Henry Care (1646–1688) was an English political writer and journalist, or "Whig propagandist", whose specialty was anti-Catholicism.

==Life==
Care edited a paper called the Weekly Pacquet of Advice from Rome. It began as a serial publication covering the history of the Protestant Reformation. After the publicity for the alleged Popish Plot of 1678, he wrote against the Church of England and its members, then supposed by some to be deeply inclined towards popery. He was tried at Guildhall, 2 July 1680, on an information against him as the author of this journal, and more particularly for a clause against the lord chief justice, William Scroggs, who himself sat as judge at the trial. The jury found him guilty, and Care was prohibited from printing his journal.

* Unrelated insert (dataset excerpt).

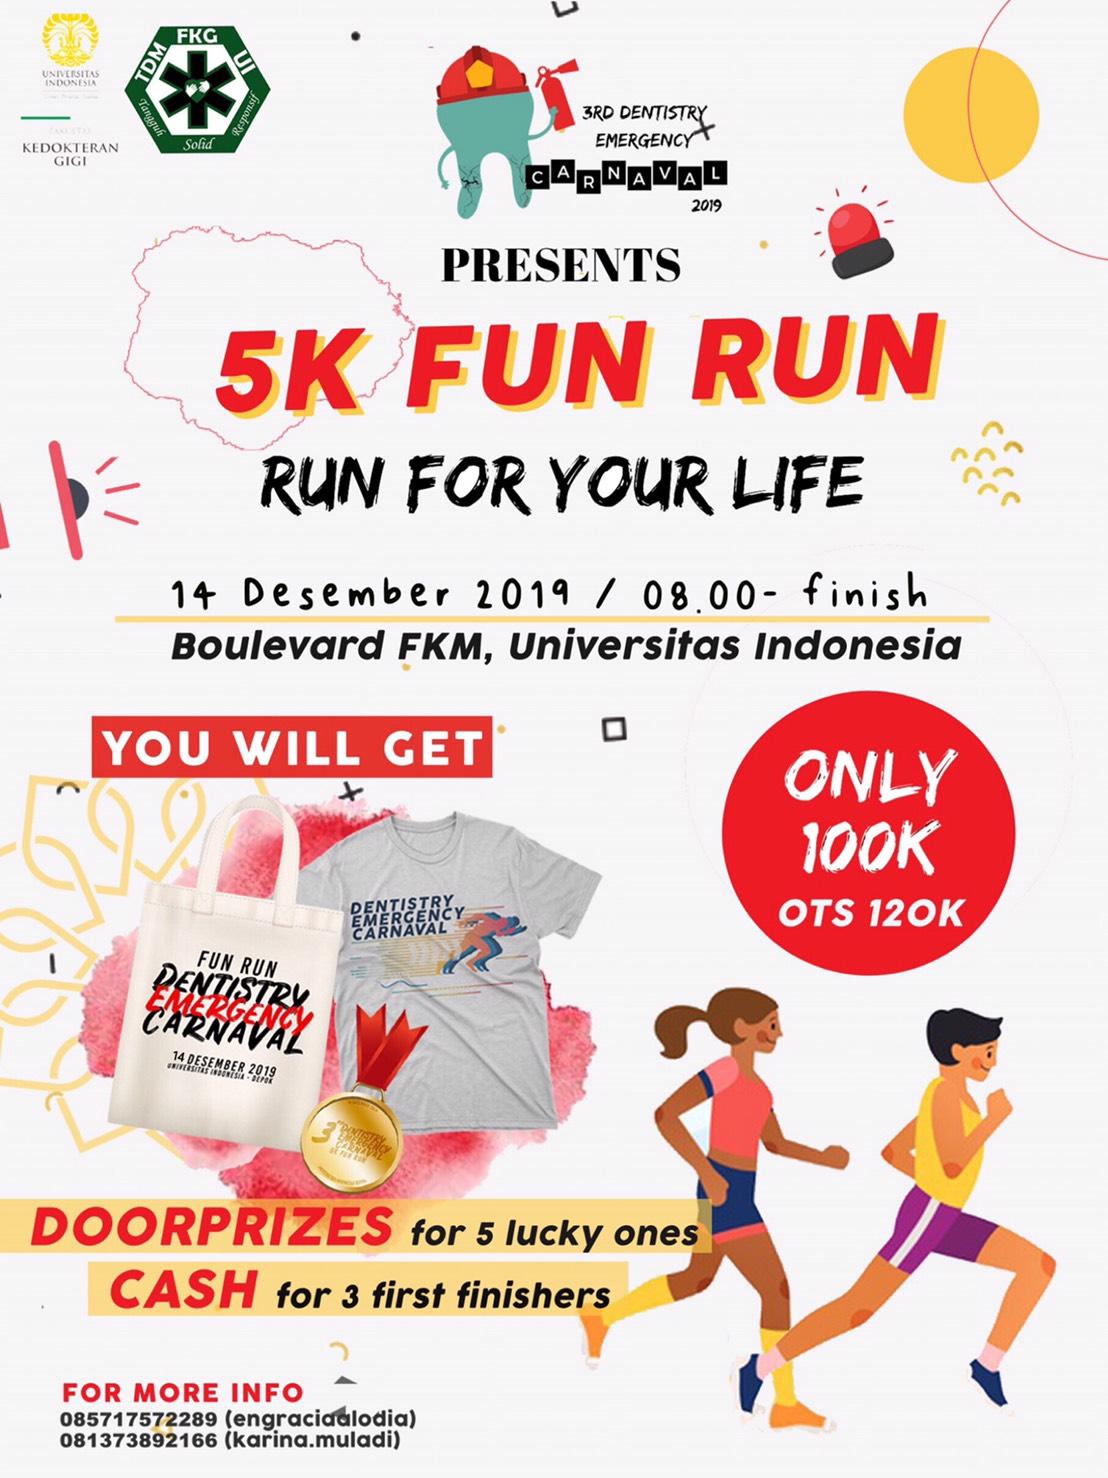 Dentistry Emergency Carnaval / DEC Fun Run • 2019
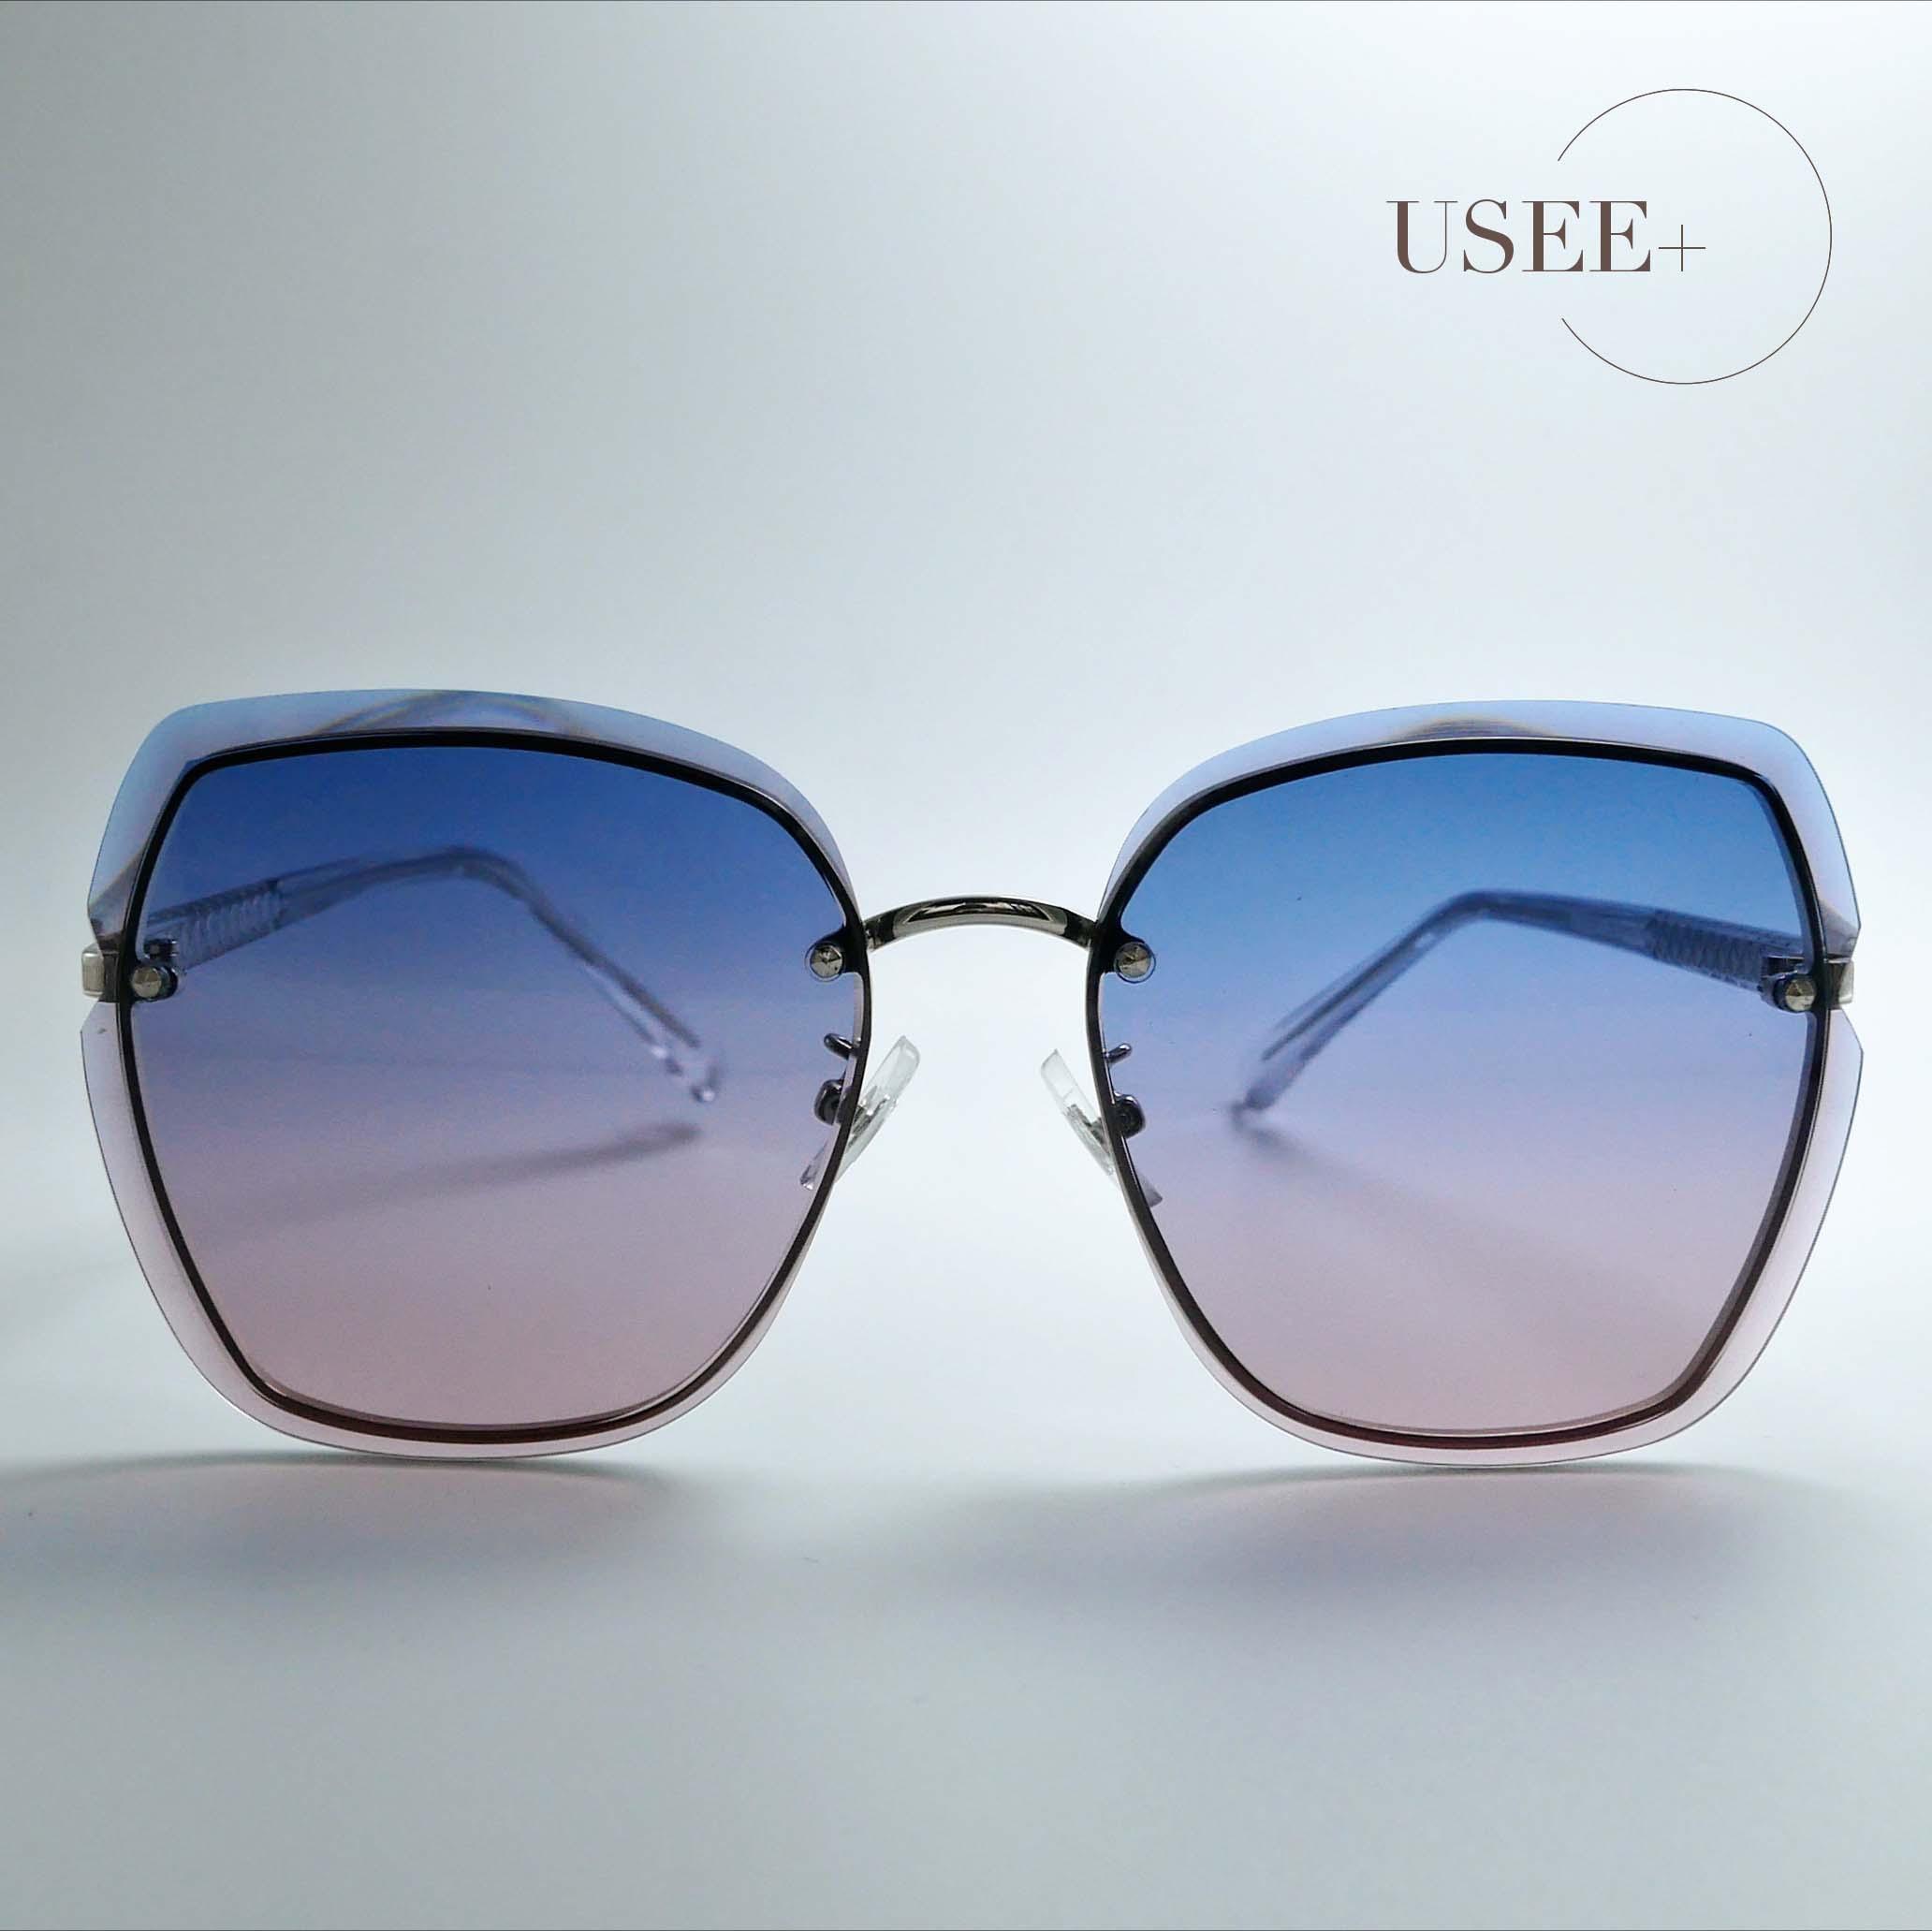 USEE+ 有晰眼镜百搭帅气时尚墨镜

These proceedings then constituted one of the charges brought against Scroggs, who was removed from the bench some months later, and Care continued to publish. Care's last number of the Weekly Pacquet, which extended to five volumes, is dated 13 July 1683, at which time he fell ill. In 1682 Care fell out with Langley Curtis, the original publisher; Care, who lived at the time in the Great Old Bailey, continued to work on his own account. But at the start of the quarrel, Curtis, employed William Salmon, another writer, to publish a continuation of the Pacquets, and he did so from 25 August 1682, the same day as Care's fifth volume also began, until 4 May 1683.

The English Liberties (1680, in later versions often British Liberties) was a cheap polemical book that was influential and much-reprinted, in the American colonies as well as Britain, and made Magna Carta central to the history and the contemporary legitimacy of its subject. The Excellent Privilege of Liberty (1687), an American book generally attributed to William Penn, reprinted the text of both Magna Carta (its first American printing) and (without attributing it) English Liberties.

==Legacy==
The English Liberties continued to be reprinted until the late 18th century. A two-volume adaptation of the Weekly Pacquet, under the title The History of Popery, appeared anonymously in 1735–6.